Modern Gaulish is an invented language, or constructed language ("conlang"). It was created as a hobby in the late twentieth century by Steve Hansen from Australia, to serve an alternate history in which the Gaulish language had not died out, but continued to develop.

The Gaulish language ceased to be attested after the fifth century CE (Chateaubleau tile, dated to late fourth-early fifth century) and while it is clear that it became extinct sometime after that, leading scholars of Celtic philology consider it likely that it survived until the time of Charlemagne (Mees 2010, Stifter 2010, pers. com.).

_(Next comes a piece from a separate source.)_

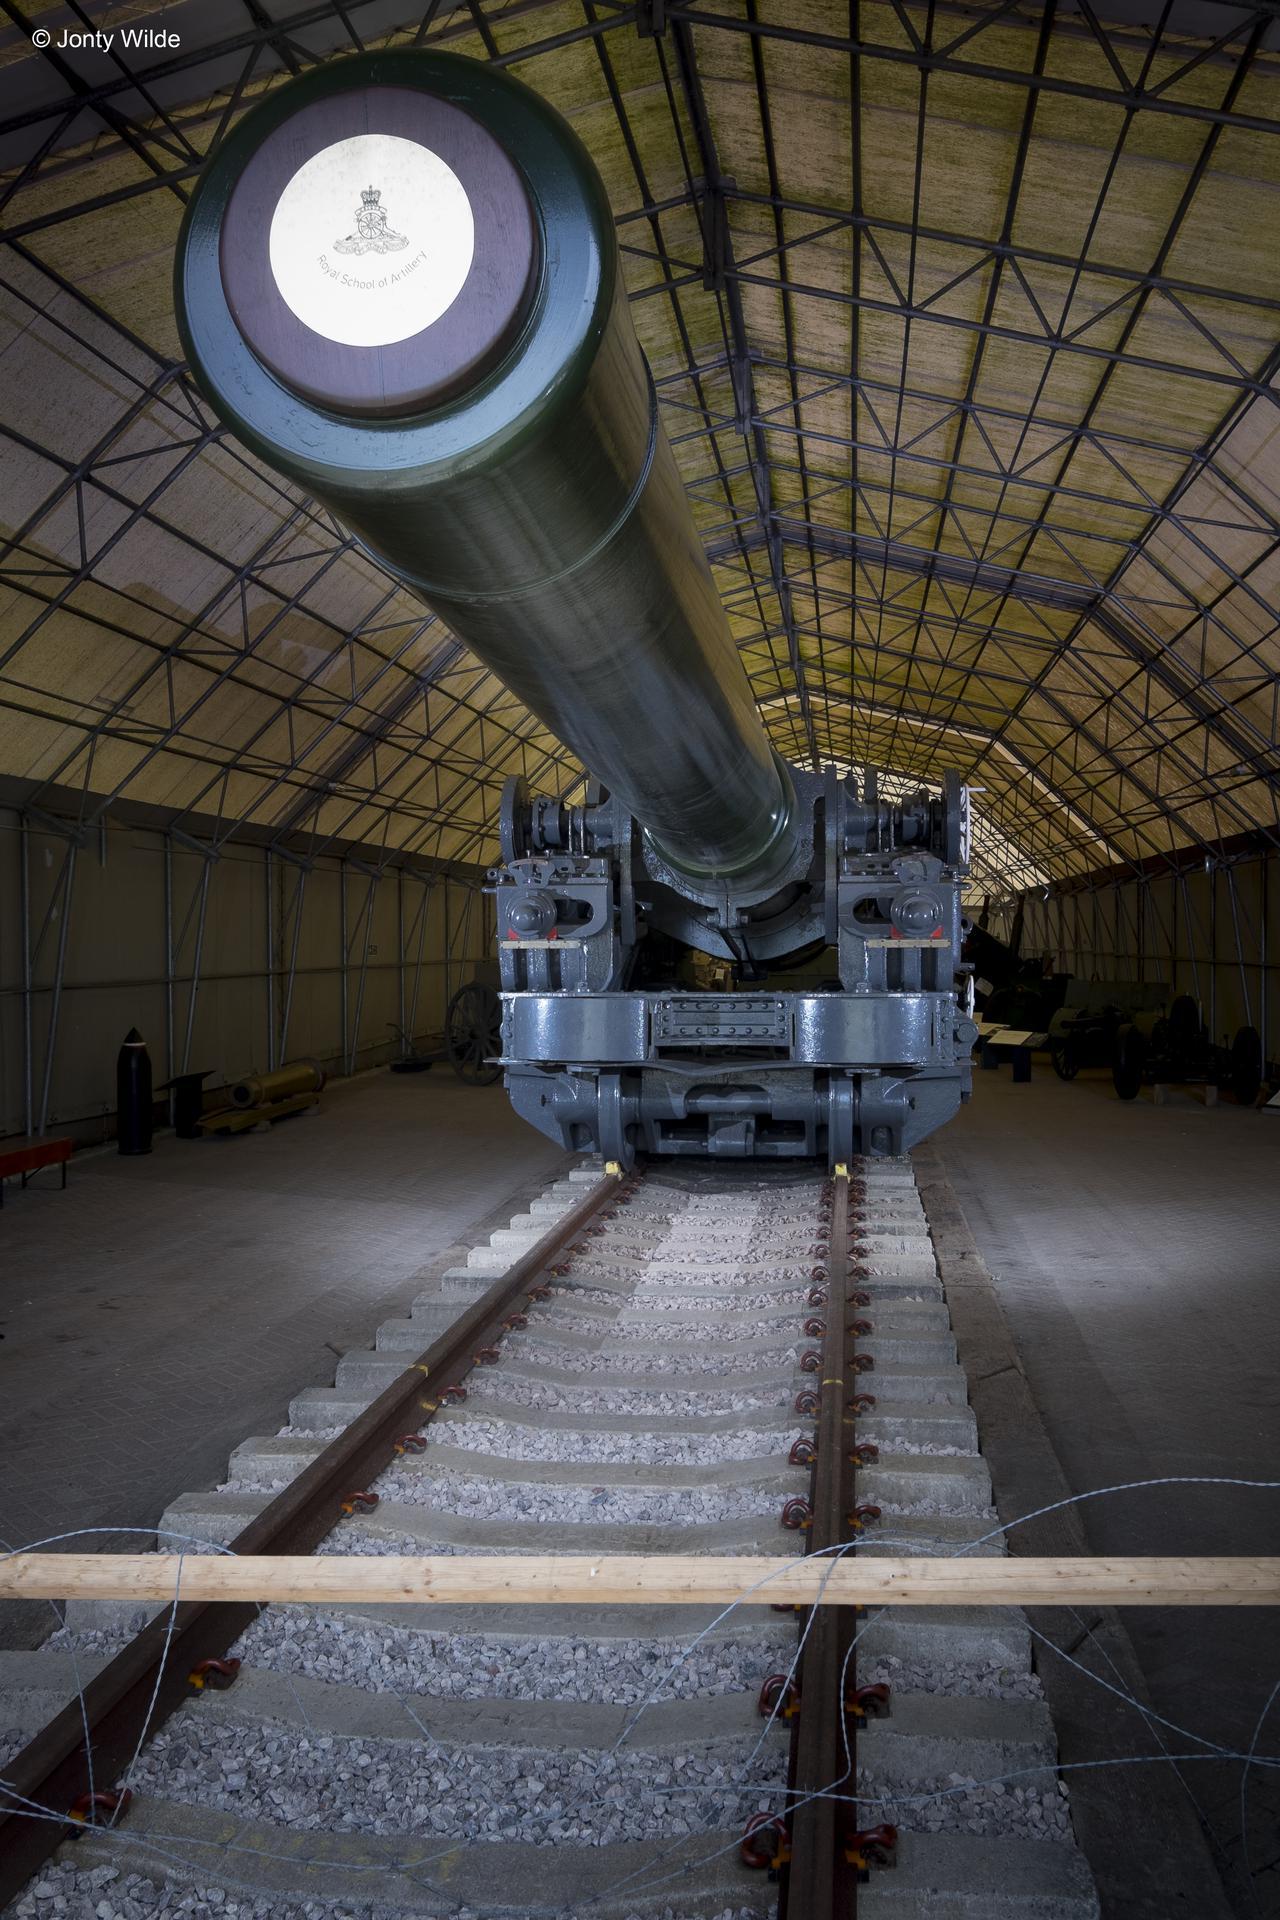 Gun - Ordnance, Breech-Loading, 18-inch Howitzer, Mark I on Railway Proof Sleigh Mark I

Knowledge and understanding of the language has grown exponentially in the last decades of the 20th century, and in the early years of the 21st century the Gaulish language became the subject of a revival movement. Driven by a group of people passionately interested in Gaulish language, culture and history, and made possible by the advent of the internet, allowing easy communication between people in far off places, the Gaulish language was revived as a modern language. A fully fledged grammar was developed, based on old Gaulish grammar and complemented with post-Classical developments in the related Celtic languages, and a version of Gaulish now exists that presents as a user-friendly, pragmatic and practical modern language (see www.moderngaulish.com).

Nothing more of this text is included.